From mboxrd@z Thu Jan  1 00:00:00 1970
Received: from eggs.gnu.org ([2001:4830:134:3::10]:49646)
	by lists.gnu.org with esmtp (Exim 4.71)
	(envelope-from <ashmit602@gmail.com>) id 1c6LZ5-0004yB-7M
	for qemu-devel@nongnu.org; Mon, 14 Nov 2016 13:01:09 -0500
Received: from Debian-exim by eggs.gnu.org with spam-scanned (Exim 4.71)
	(envelope-from <ashmit602@gmail.com>) id 1c6LZ2-0007XZ-SO
	for qemu-devel@nongnu.org; Mon, 14 Nov 2016 13:01:07 -0500
Received: from mail-it0-x242.google.com ([2607:f8b0:4001:c0b::242]:36608)
	by eggs.gnu.org with esmtps (TLS1.0:RSA_AES_128_CBC_SHA1:16)

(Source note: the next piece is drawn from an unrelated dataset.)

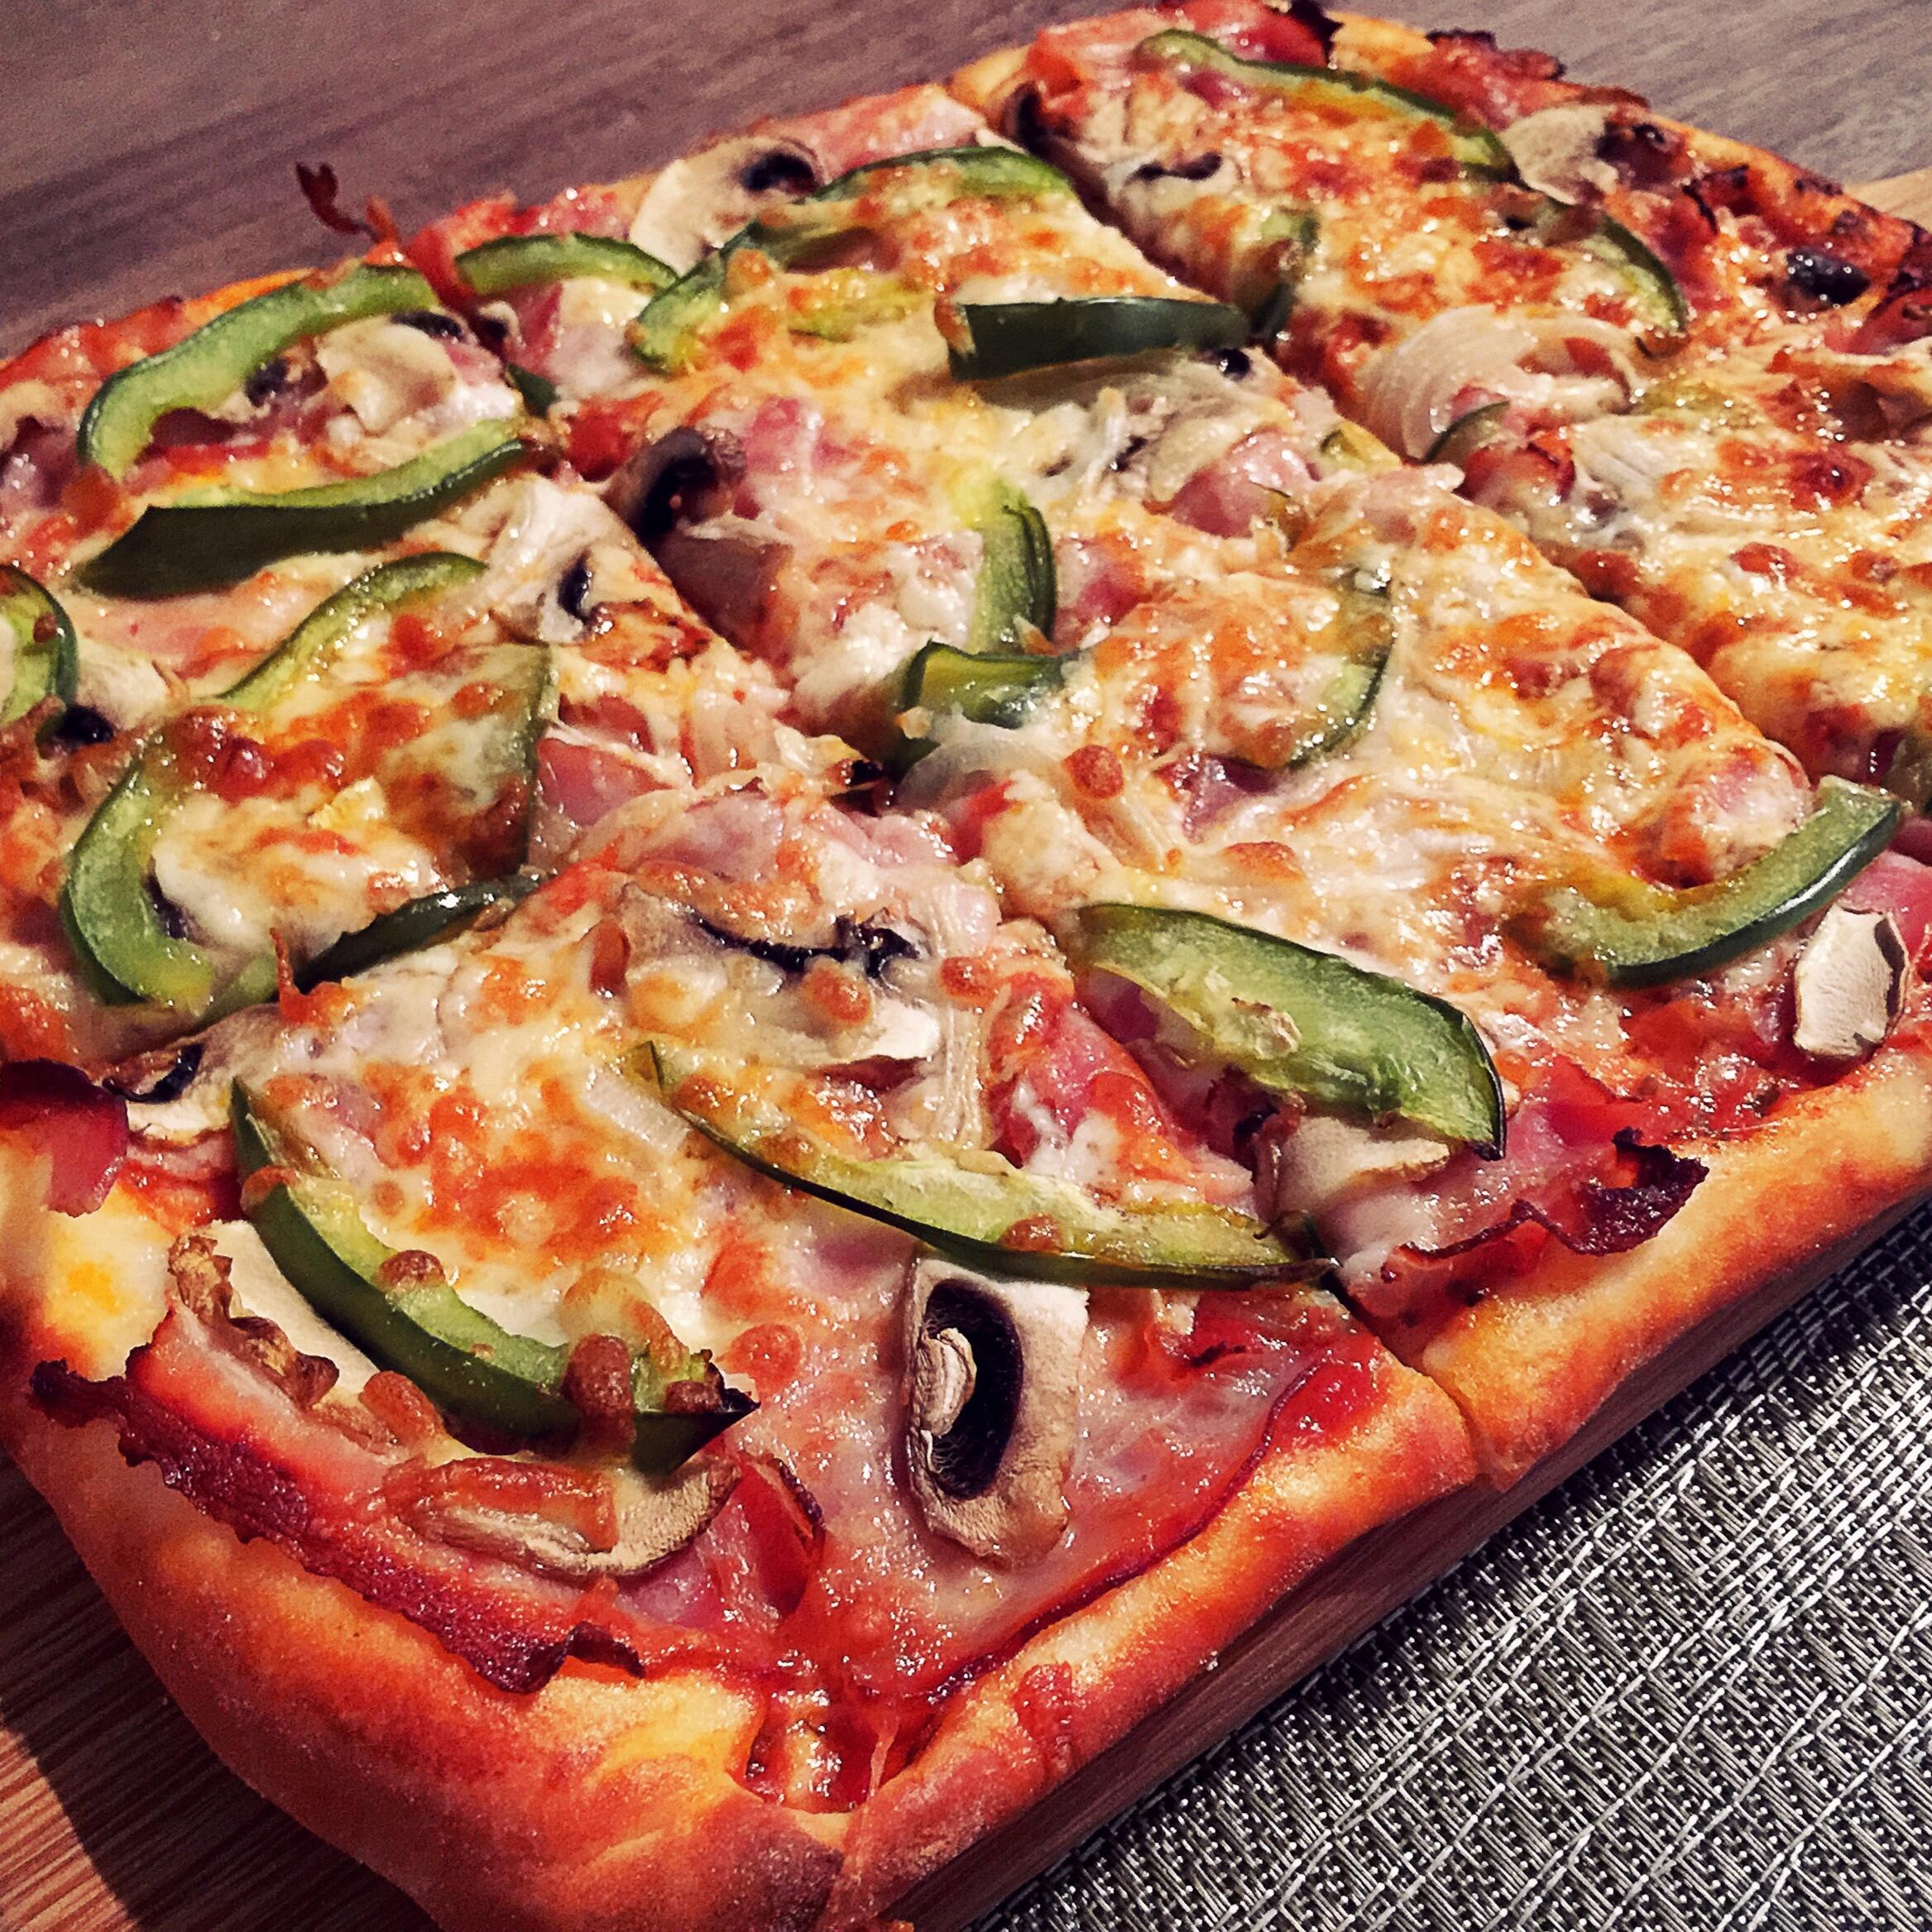 培根蔬菜pizza 面包机版

	(Exim 4.71) (envelope-from <ashmit602@gmail.com>) id 1c6LZ2-0007XI-LB
	for qemu-devel@nongnu.org; Mon, 14 Nov 2016 13:01:04 -0500
Received: by mail-it0-x242.google.com with SMTP id n68so15700588itn.3
	for <qemu-devel@nongnu.org>; Mon, 14 Nov 2016 10:01:03 -0800 (PST)
MIME-Version: 1.0
In-Reply-To: <CAJSP0QW3EGxW+PYmb=ThEfv33+BH1xTyxWBEY1YZO+w21wtgSw@mail.gmail.com>
References: <1475035789-685-1-git-send-email-ashish.mittal@veritas.com>
	<20160928214510.GA2837@stefanha-x1.localdomain>
	<CAJSP0QW3EGxW+PYmb=ThEfv33+BH1xTyxWBEY1YZO+w21wtgSw@mail.gmail.com>
From: ashish mittal <ashmit602@gmail.com>
Date: Mon, 14 Nov 2016 10:01:00 -0800
Message-ID: <CAAo6VWPy0orM+aAMGmEvmB94n36-vy2CRYNhF8+NZ_d=wuMaxg@mail.gmail.com>
Content-Type: text/plain; charset=UTF-8
Subject: Re: [Qemu-devel] [PATCH v7 RFC] block/vxhs: Initial commit to add
 Veritas HyperScale VxHS block device support
List-Id: <qemu-devel.nongnu.org>
List-Unsubscribe: <https://lists.nongnu.org/mailman/options/qemu-devel>,
	<mailto:qemu-devel-request@nongnu.org?subject=unsubscribe>
List-Archive: <http://lists.nongnu.org/archive/html/qemu-devel/>
List-Post: <mailto:qemu-devel@nongnu.org>
List-Help: <mailto:qemu-devel-request@nongnu.org?subject=help>
List-Subscribe: <https://lists.nongnu.org/mailman/listinfo/qemu-devel>,
	<mailto:qemu-devel-request@nongnu.org?subject=subscribe>
To: Stefan Hajnoczi <stefanha@gmail.com>
Cc: qemu-devel <qemu-devel@nongnu.org>, Paolo Bonzini <pbonzini@redhat.com>, Kevin Wolf <kwolf@redhat.com>, Markus Armbruster <armbru@redhat.com>, "Daniel P. Berrange" <berrange@redhat.com>, Jeff Cody <jcody@redhat.com>, Fam Zheng <famz@redhat.com>, Ashish Mittal <ashish.mittal@veritas.com>, Ketan Nilangekar <Ketan.Nilangekar@veritas.com>, Abhijit Dey <Abhijit.Dey@veritas.com>, Venkatesha.Mg@veritas.com, Buddhi.Madhav@veritas.com

Will look into these ASAP.

On Mon, Nov 14, 2016 at 7:05 AM, Stefan Hajnoczi <stefanha@gmail.com> wrote:
> On Wed, Sep 28, 2016 at 10:45 PM, Stefan Hajnoczi <stefanha@gmail.com> wrote:
>> On Tue, Sep 27, 2016 at 09:09:49PM -0700, Ashish Mittal wrote:
>>
>> Review of .bdrv_open() and .bdrv_aio_writev() code paths.
>>
>> The big issues I see in this driver and libqnio:
>>
>> 1. Showstoppers like broken .bdrv_open() and leaking memory on every
>>    reply message.
>> 2. Insecure due to missing input validation (network packets and
>>    configuration) and incorrect string handling.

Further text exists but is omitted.